Comment 1 - Most likely it's not a full "Watson" but rather a network appliance that slots into a rack. Watson is powered by 2,880 8-core IBM POWER7 processors, which AFAIK haven't received a core bump or a die shrink since their introduction in 2011.

Comment 2 - POWER7 (which came out in 2009) was replaced by POWER7+ in 2012. IBM shrunk the lithography but kept the die size the same, so they used the extra space for more cache, a crypto accelerator, a compression/decompression accelerator, and some other goodies. There were able to bump up the clock speed as well. Core for core, POWER7+ is about a 20% improvement, but you're right, no more cores per socket so there is no way they would see the kind of shrink described in the article if they kept the same amount of compute power. IBM did come out with a new blade design (Flex Systems) with denser packaging, but that combined with the faster CPU will still only get them about 2/3rd of the way there (still impressive).

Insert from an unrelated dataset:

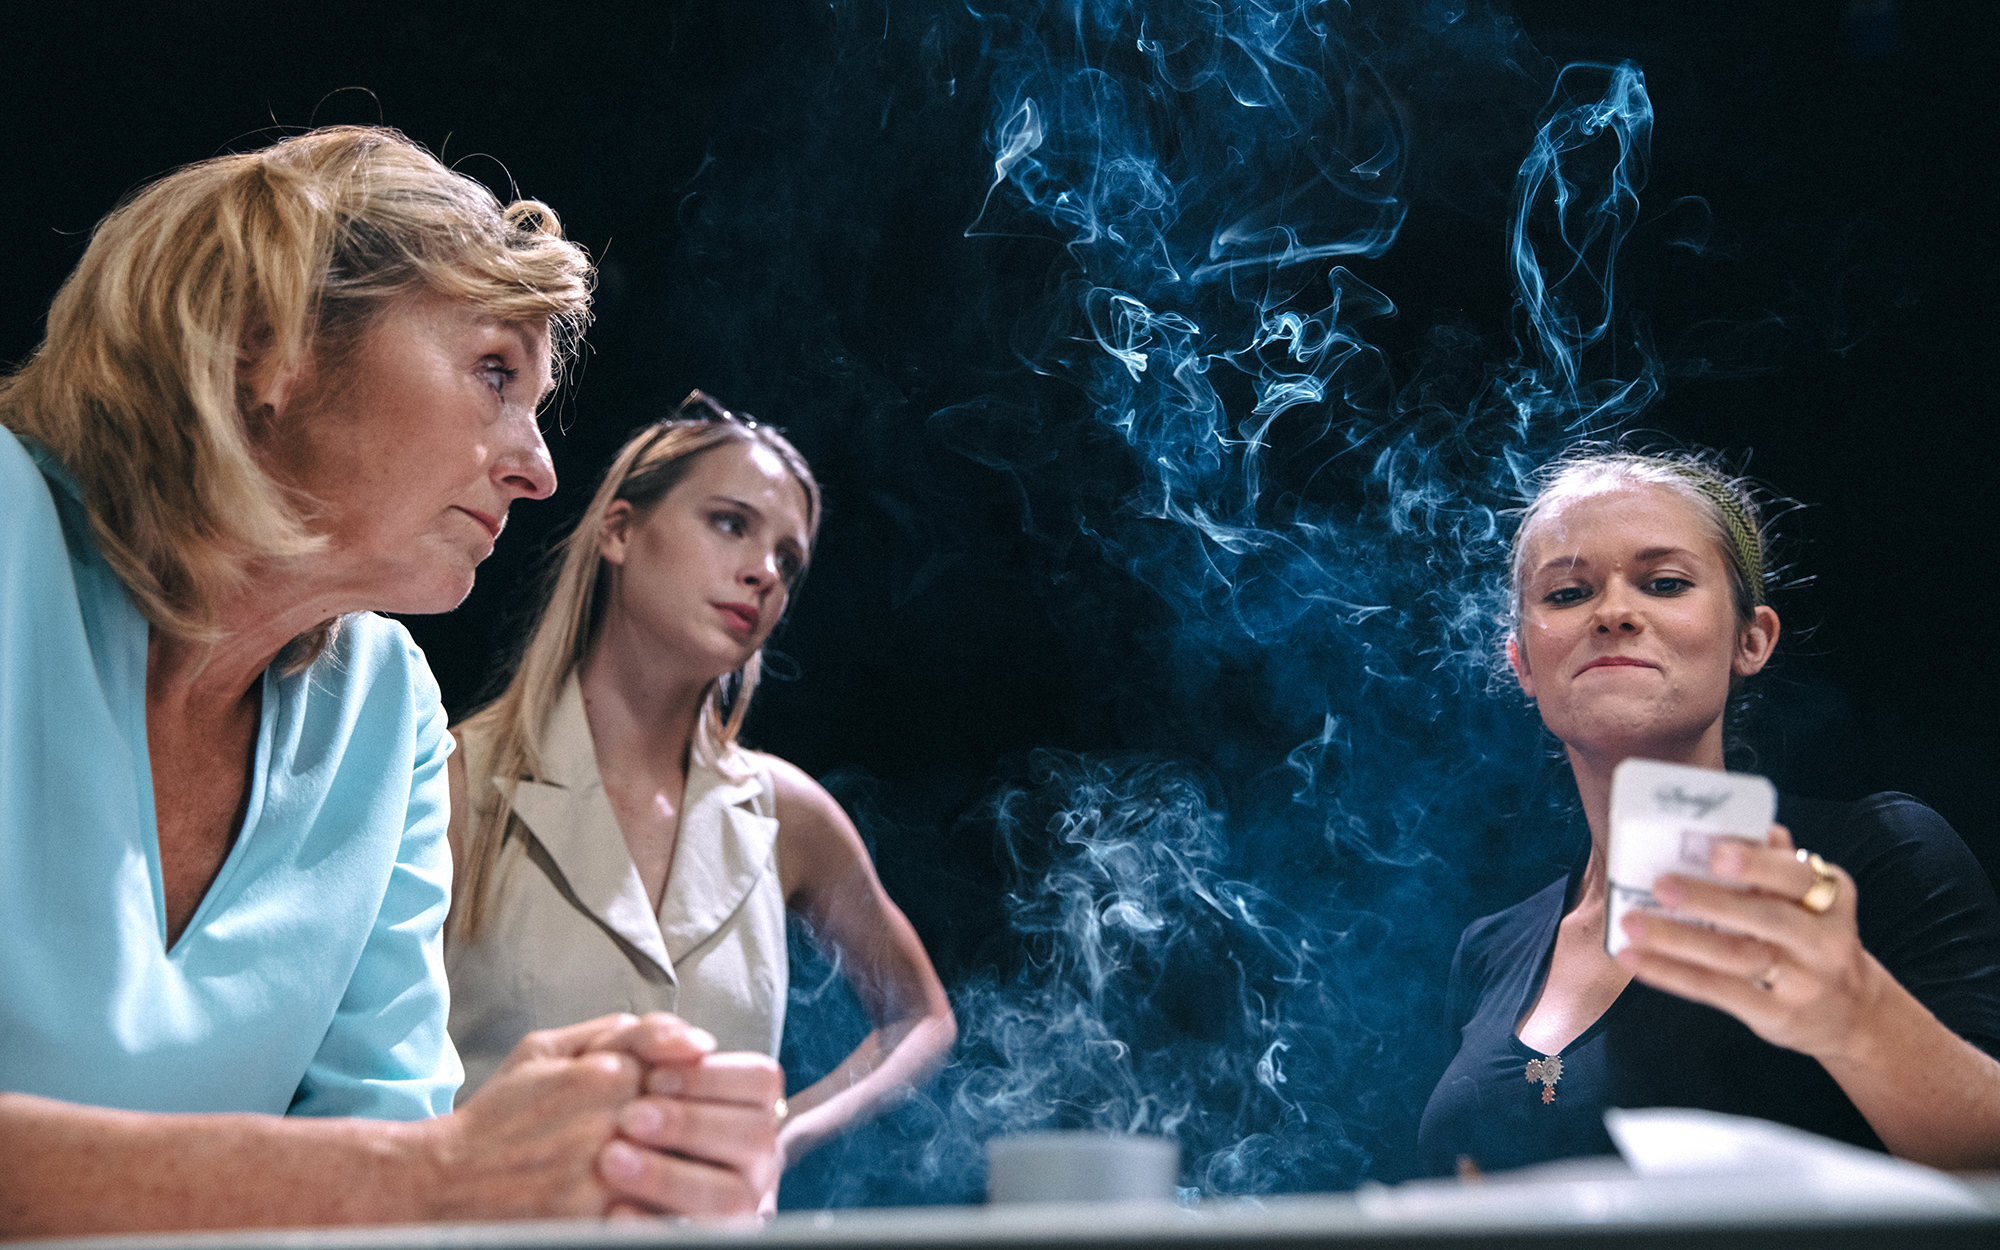 Hana (Judita Zidar) in Karla (Klara Kuk) opazujeta Lizo (Ana Pavlin), ki se premeteno nasmiha. Obdaja jo cigaretni dim.  Avtor fotografije: Peter Giodani.

More likely it's because it won't be using in situations that require sub-1 second answers which might make more modest hardware acceptable.
AFAIK the amount of hardware needed depends on the size of your corpus, so I would expect it to vary.
Honestly, look at the new MacPros. The computing power from even 10 years ago is amazing. WATSON will soon be software only for most standard servers. Looking at the SoftLayer acquisition in that light is very exciting.